Fix “Column, parameter, or variable #1: Cannot find data type” in SQL Server (Error 2715)

Posted on by Ian

If you’re getting SQL Server error 2715, which reads something like “Column, parameter, or variable #1: Cannot find data type SERIAL“, it appears that you’re trying to define a column to have a data type that’s not supported in SQL Server.

To fix this issue, be sure to use a supported data type for all columns.

Example of Error

Here’s an example of code that produces the error:

CREATE TABLE Products (
    ProductID SERIAL PRIMARY KEY,
    ProductName VARCHAR(255),
    Quantity INT,
    Price DECIMAL(10, 2)
);

Output:

Msg 2715, Level 16, State 6, Line 1
Column, parameter, or variable #1: Cannot find data type SERIAL.
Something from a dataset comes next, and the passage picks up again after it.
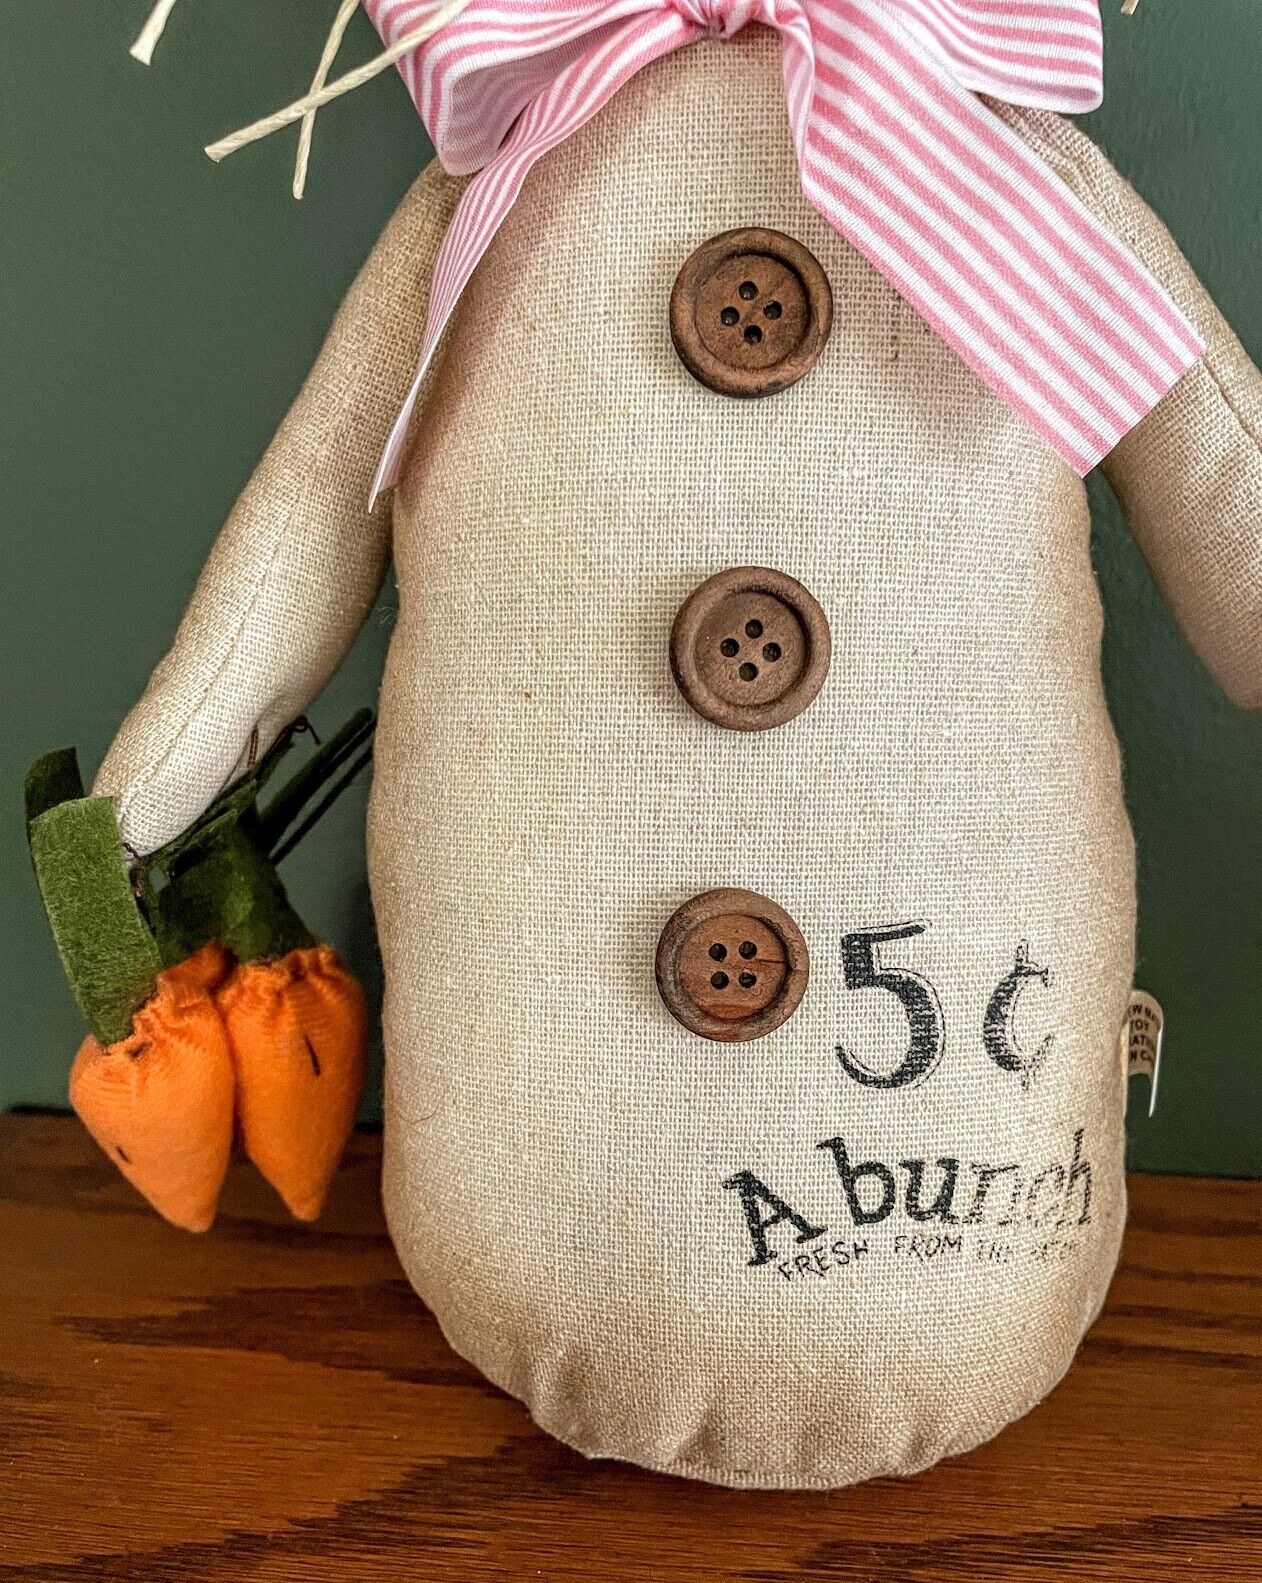 Primitive Country 18” Cheeky Bunny w/Carrots Doll - The Primitive Pineapple Collection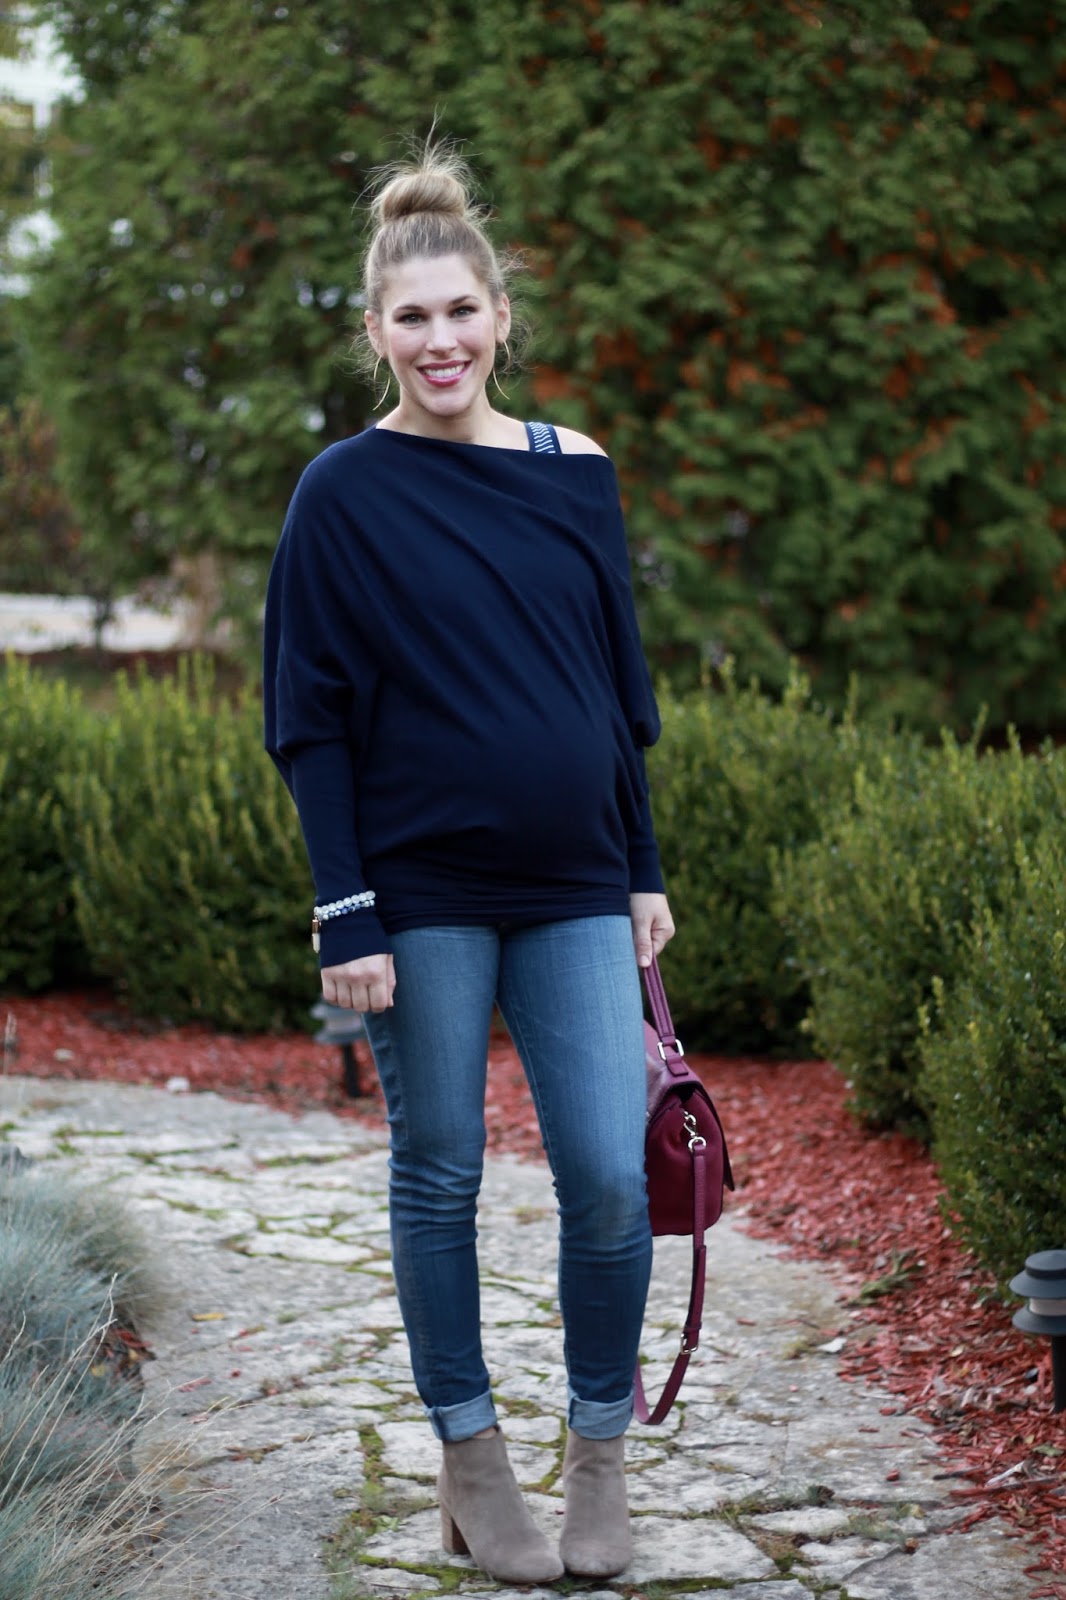 The Cutest Fall Sweater & Confident Twosday Linkup

In this case I’m trying to define the ProductID column as a SERIAL type. The only problem is that SQL Server doesn’t support the SERIAL type.

This could happen if you’re trying to run code that was meant for another DBMS. For example, the above code should work fine in PostgreSQL or MySQL, but not SQL Server.

Here’s another example:

CREATE TABLE Products (
    ProductID INT IDENTITY PRIMARY KEY,
    ProductName VARCHAR(255),
    Quantity OOPS,
    Price DECIMAL(10, 2)
);

Output:

Msg 2715, Level 16, State 6, Line 2
Column, parameter, or variable #3: Cannot find data type OOPS.

This time it was column three that caused the issue. Regardless, it’s the same cause; there’s no such data type.

Solution 1

Assuming you intend to run this code against SQL Server (i.e. you’re not accidentally running the code against the wrong DBMS), then the following solution should work:

CREATE TABLE Products (
    ProductID INT IDENTITY PRIMARY KEY,
    ProductName VARCHAR(255),
    Quantity INT,
    Price DECIMAL(10, 2)
);

Output:

Commands completed successfully.

Here, I changed SERIAL to INT IDENTITY and it resolved the issue. Obviously, the data types you use will depend on the actual table and columns that you’re trying to create. In my case the issue was caused by the SERIAL keyword, and so I rectified that.

Solution 2

There’s also the possibility that you intended to run the code in MySQL (or another DBMS) and accidentally ran your code against the wrong DBMS. This could easily happen if you’re using the same client application to connect to multiple DBMSs.

In this case, simply switching to the correct DBMS should do the trick (unless there are other issues with your code).

So double check that you’re running the code against the right DBMS – and database for that matter!.